2026-05-16
Water hammer is the pressure spike that travels through a pipe when flowing liquid is suddenly stopped or redirected. The moving fluid has momentum; when a valve slams shut, that momentum has nowhere to go and converts into a pressure wave that hammers back and forth between the closure and the nearest reservoir or expansion. The bang you hear in old plumbing when a washing machine valve snaps closed is water hammer in action — and at industrial scale, it ruptures pipes, cracks pump casings, and destroys check valves.
The physics: The Joukowsky equation gives the maximum pressure rise for an instantaneous valve closure:
ΔP = ρ · a · Δv
Rule of thumb: In a steel water line, every 1 m/s of velocity change produces roughly 1.2 MPa (175 psi) of pressure spike if closed instantly. A 3 m/s flow stopped abruptly creates ~525 psi above static pressure — easily enough to exceed Schedule 40 steel's working rating.

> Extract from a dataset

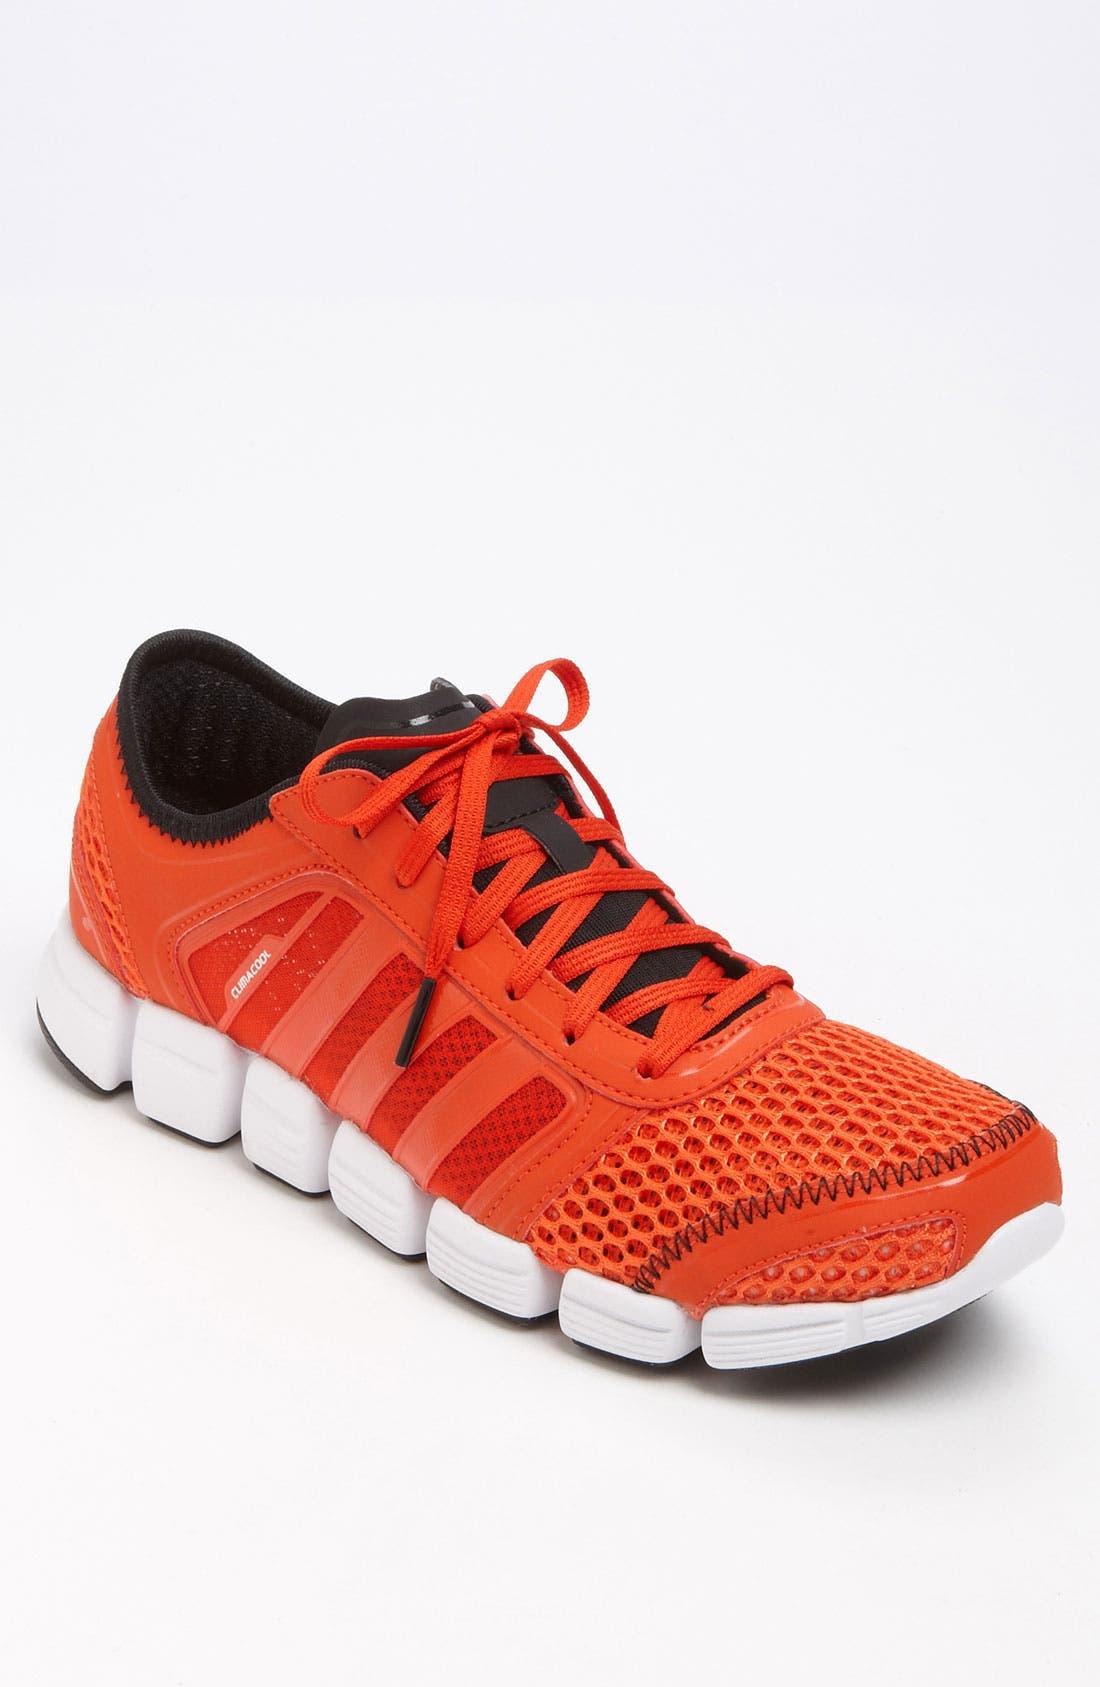 Alternate Image 1 Selected - adidas 'Oscillation' Running Shoe (Men)
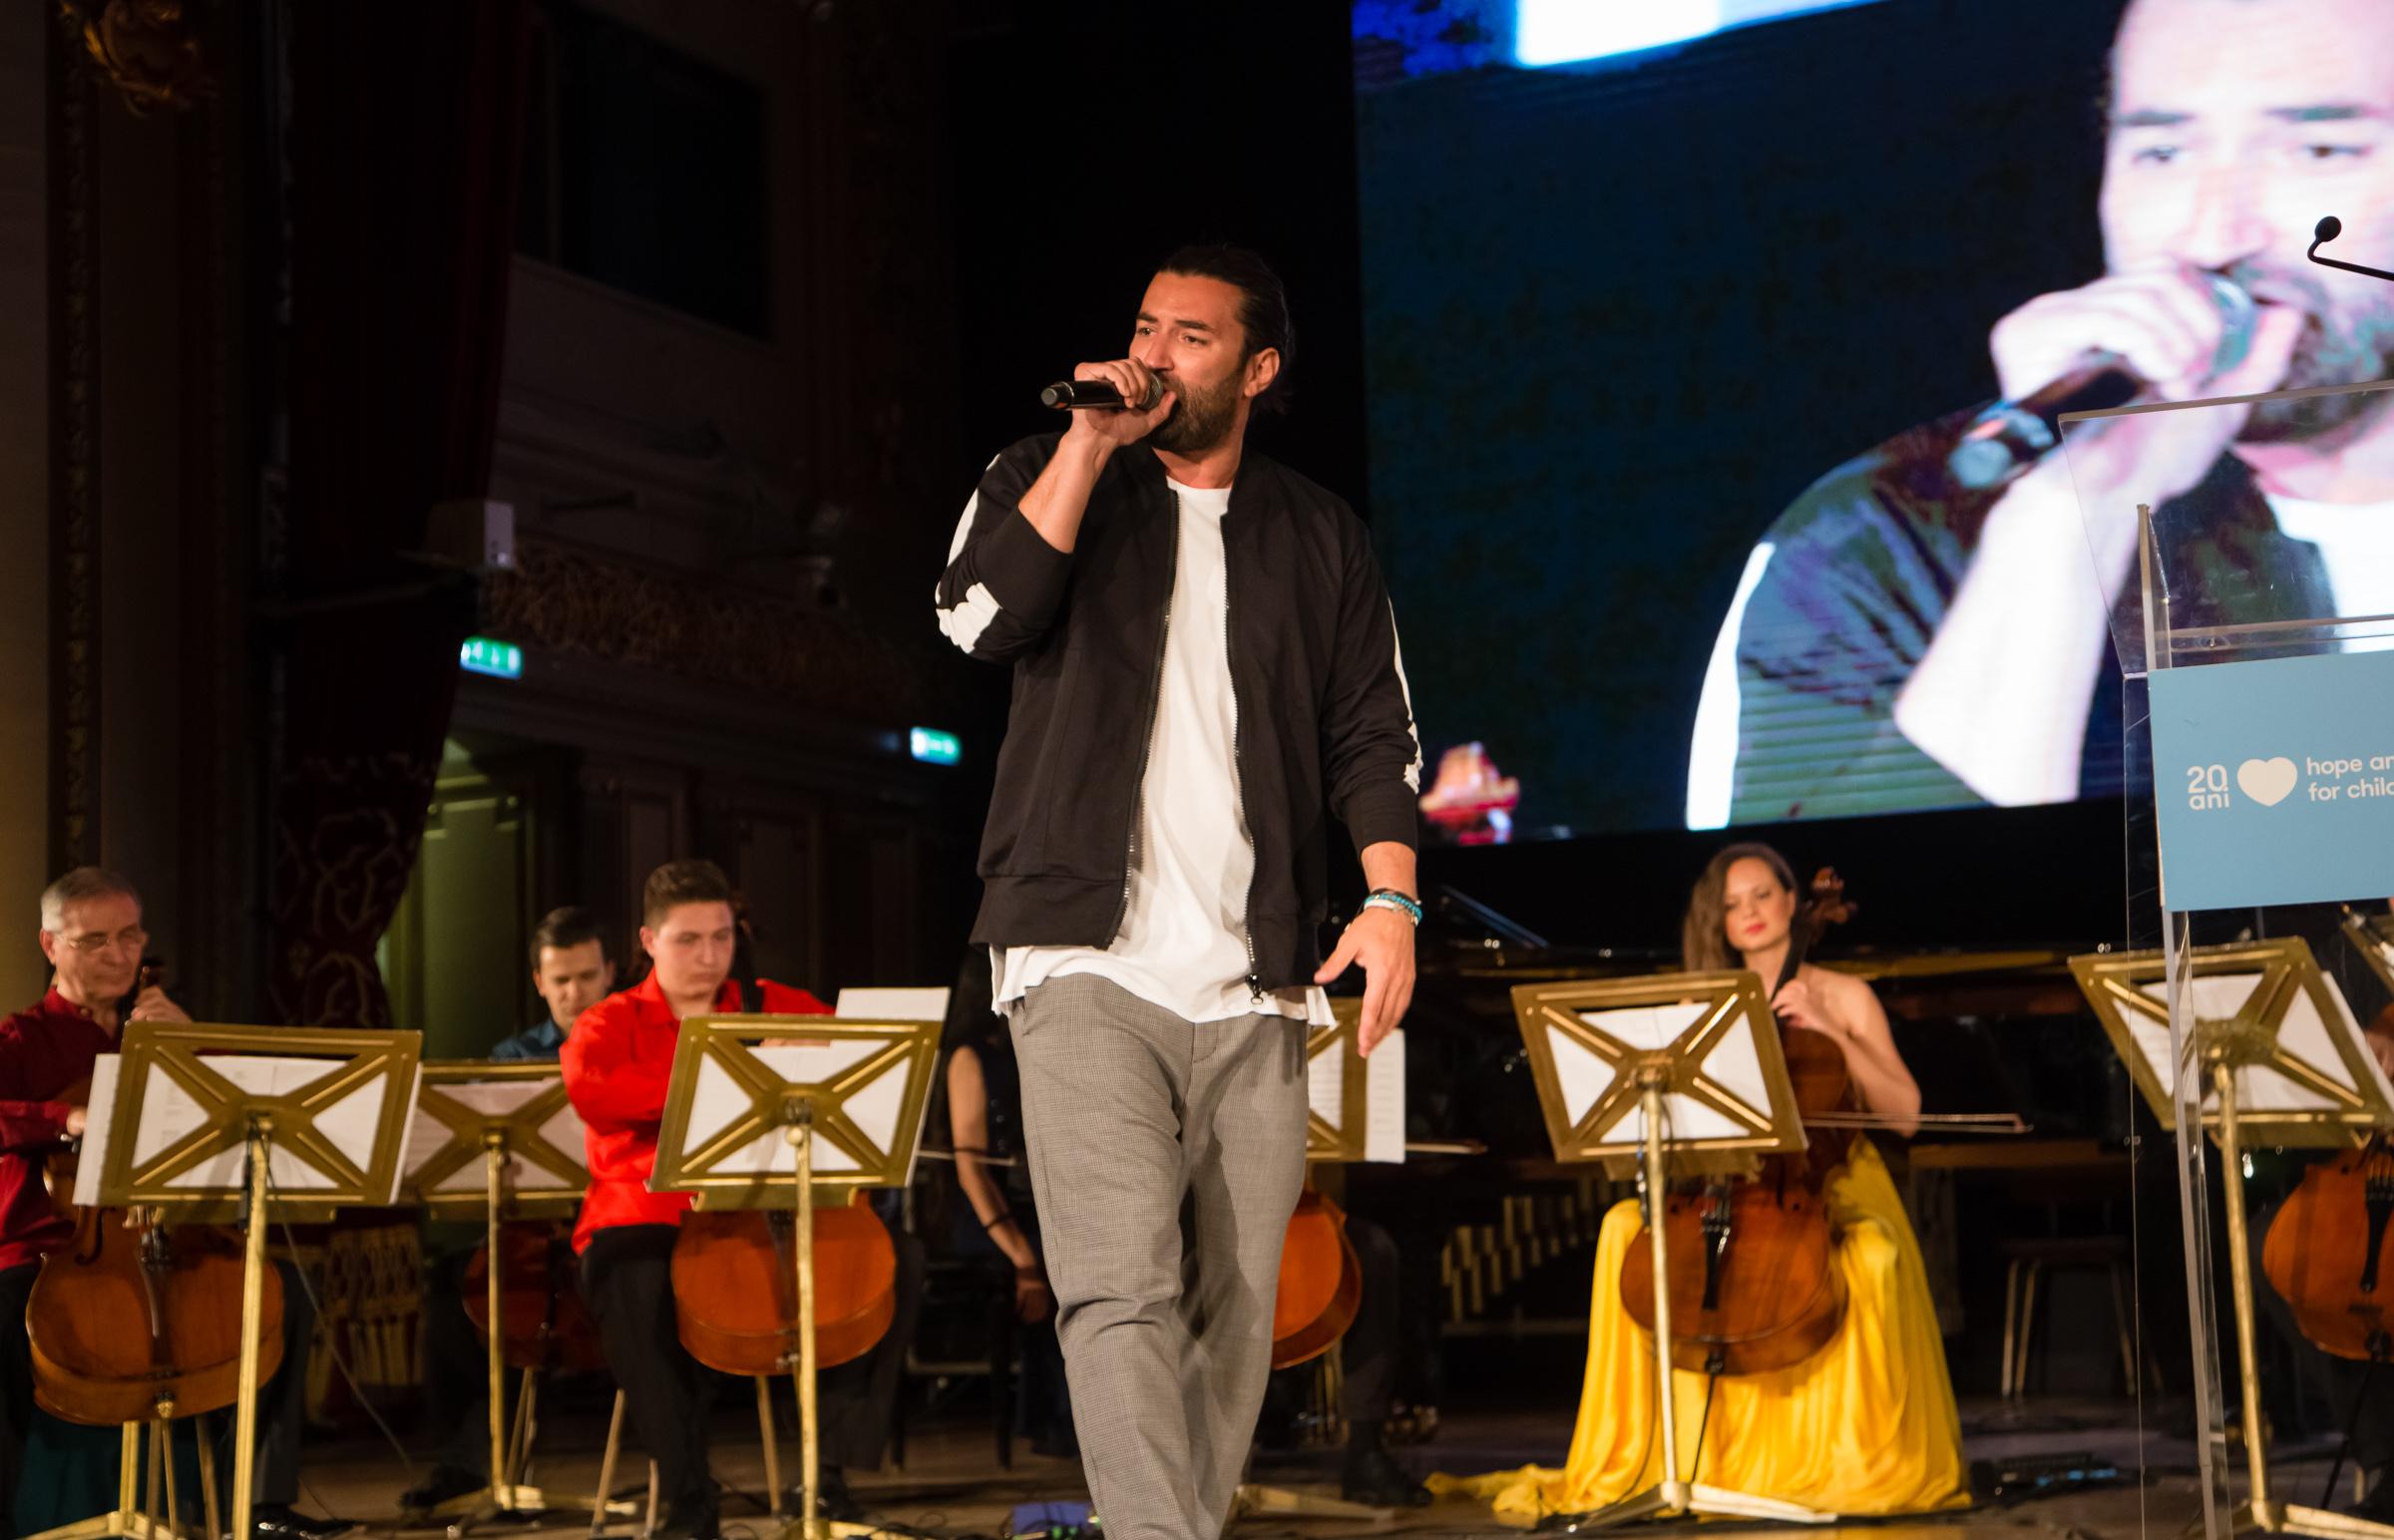 Smiley_Hope Concert 2018_02_Foto Mihnea Ciulei.jpg

Closure timing matters. A closure is "sudden" only if it happens faster than the pipe's critical time: T_c = 2L/a, where L is pipe length to the nearest reservoir. For a 600 m steel main, T_c ≈ 1 second. Close the valve in 0.5 s and you get the full Joukowsky spike; close it over 5 seconds and the pressure rise drops dramatically because the reflected wave returns before closure completes.
Real-world example: Municipal pump stations are notorious for water hammer during power failure. A 200 HP pump pushing 2 m/s through a 1 km cast iron main loses power — the check valve slams shut on reverse flow, generating a spike that has snapped cast iron mains and destroyed entire stations. Mitigation: surge tanks (air cushion absorbs the spike), slow-closing check valves (controlled closure over several seconds), and pressure relief valves set above working pressure but below burst.